After four years, KU would have jurisdiction over 75 tuition waivers. Fifty would be for musicians, dancers, artists and other talented students. Twenty-five would be for varsity athletes.
At KU, the in-state tuition rate in 1993-94 will be $786 a semester. The non-resident rate will be $3,039 a semester.
The program was part of the regents' financial aid package that included $2.3 million for a need-based grant program, $500,000 more for the state's scholarship program and $127,000 for tuition waivers for National Merit and National Achievement scholars.
Frederick said he would prefer to have more tuition waivers for athletes.
"Obviously, we'd love to have 200 of them. I know that's not going to happen. I'm grateful for 25," he said.
KU'S WILLIAMS Educational Fund, a fund-raising program of the athletic department, must generated $3 million annually to finance scholarships for 450 students in 18 sports at KU.

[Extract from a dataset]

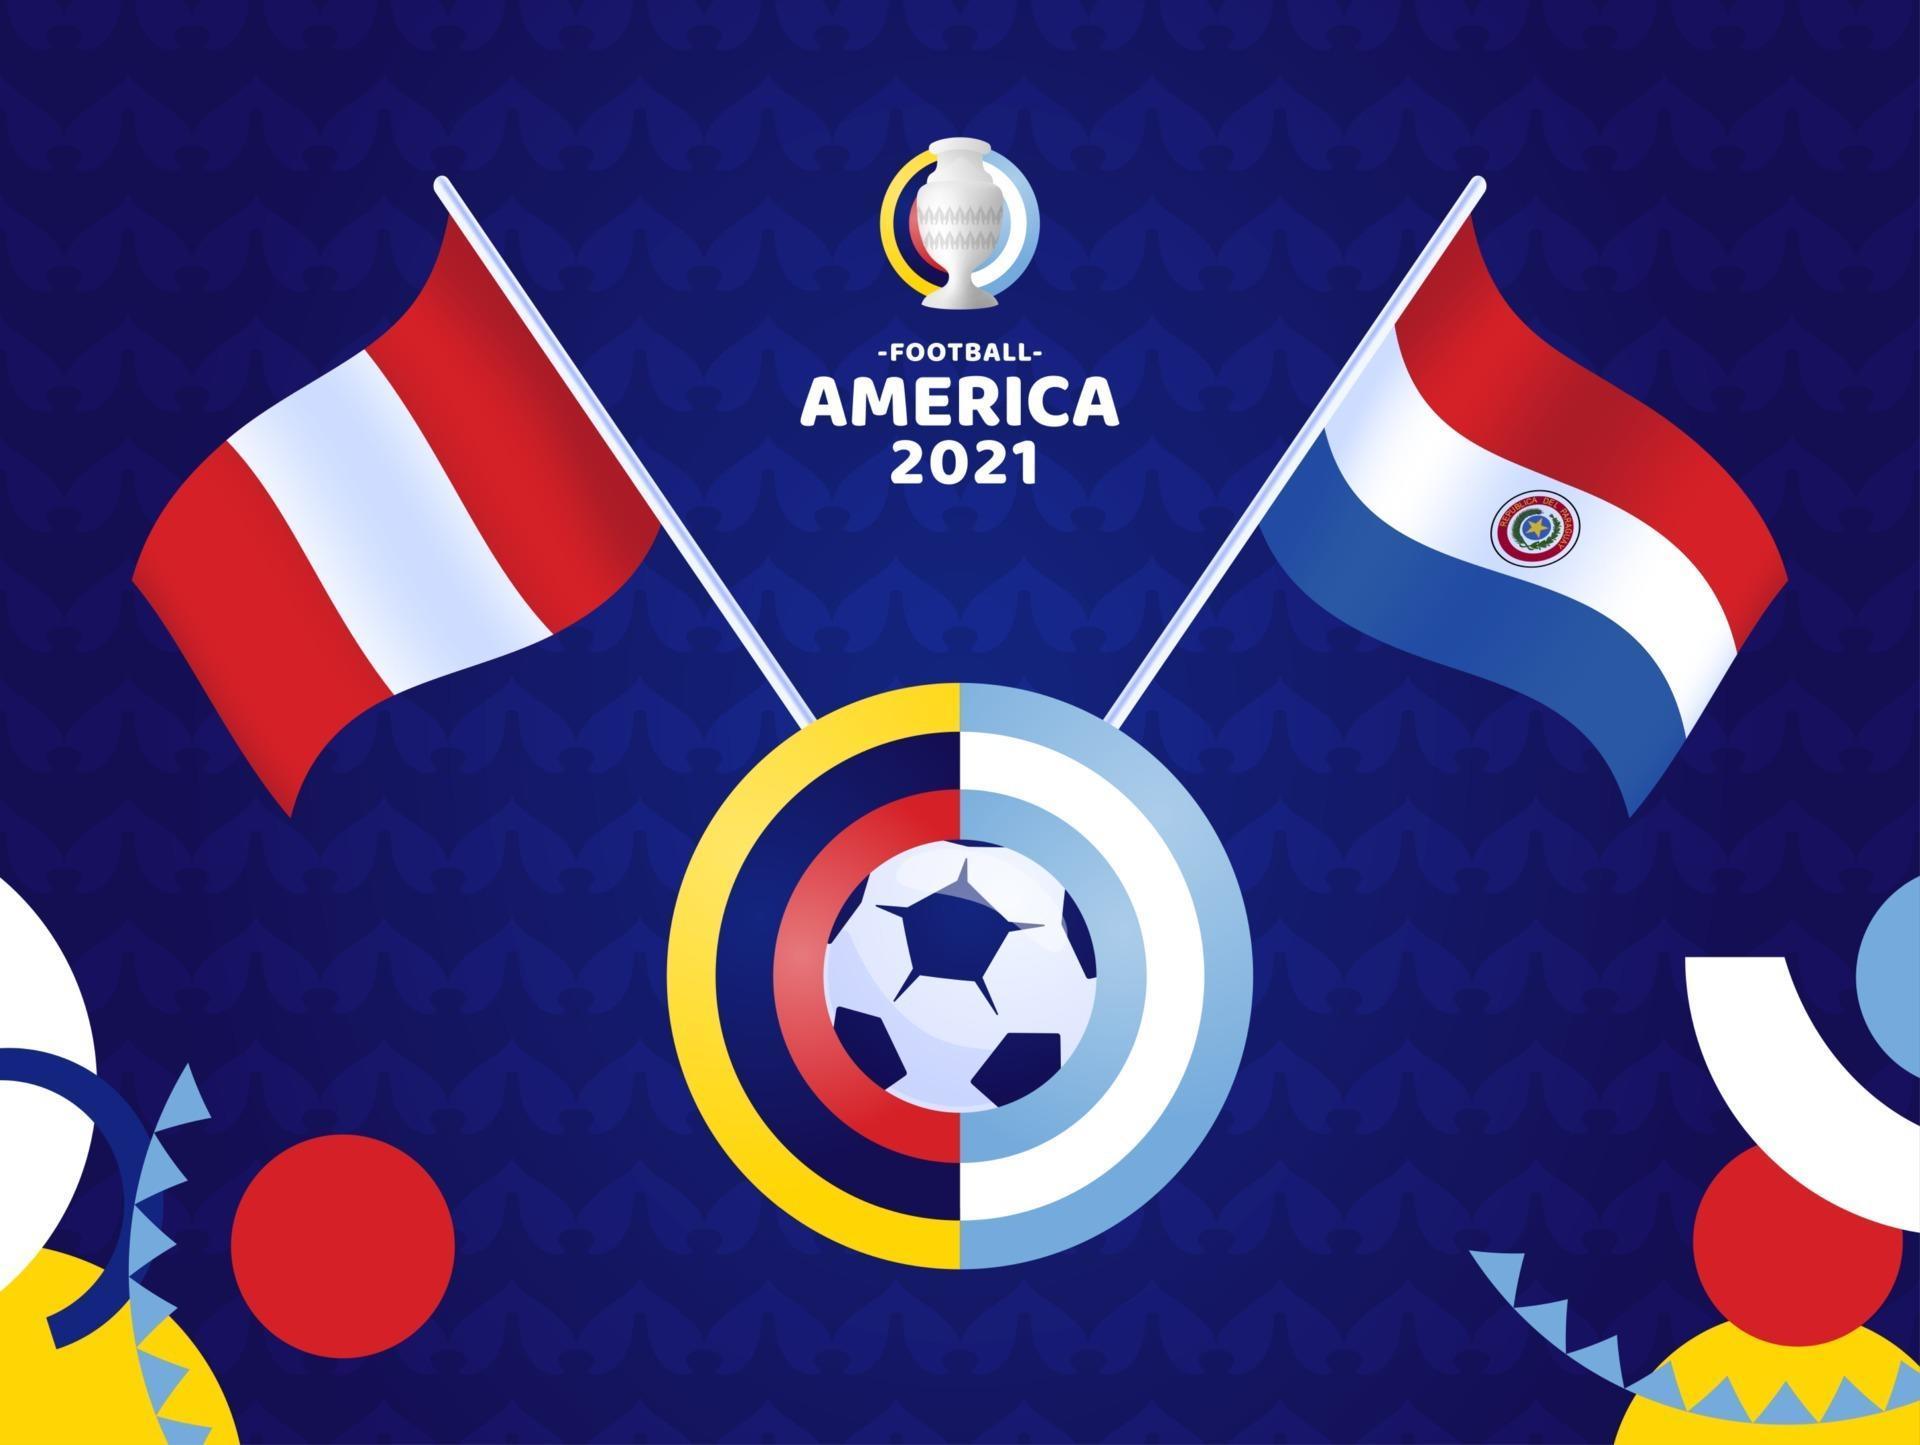 Peru vs Paraguay match vector illustration Football 2021 championship

"We survive by virtue of bringing in about $3 million in contributions," Shankel said. "Nebraska survives by having 75,000 people in the football stadium every Saturday."
Scott McMichael, assistant director of the Williams Fund, said it has been difficult for the program's 3,500 donors to keep pace with increases in non-resident tuition.
Non-resident tuition increases at KU have been in the double digits in four of the past five years. In the past 10 years, non-resident tuition has risen 117 percent.
"We're basically self-supporting here," McMichael said. "Any help we can get is much appreciated. We put on a class program here. For better or worse, we're the front porch of the university. We want it well represented."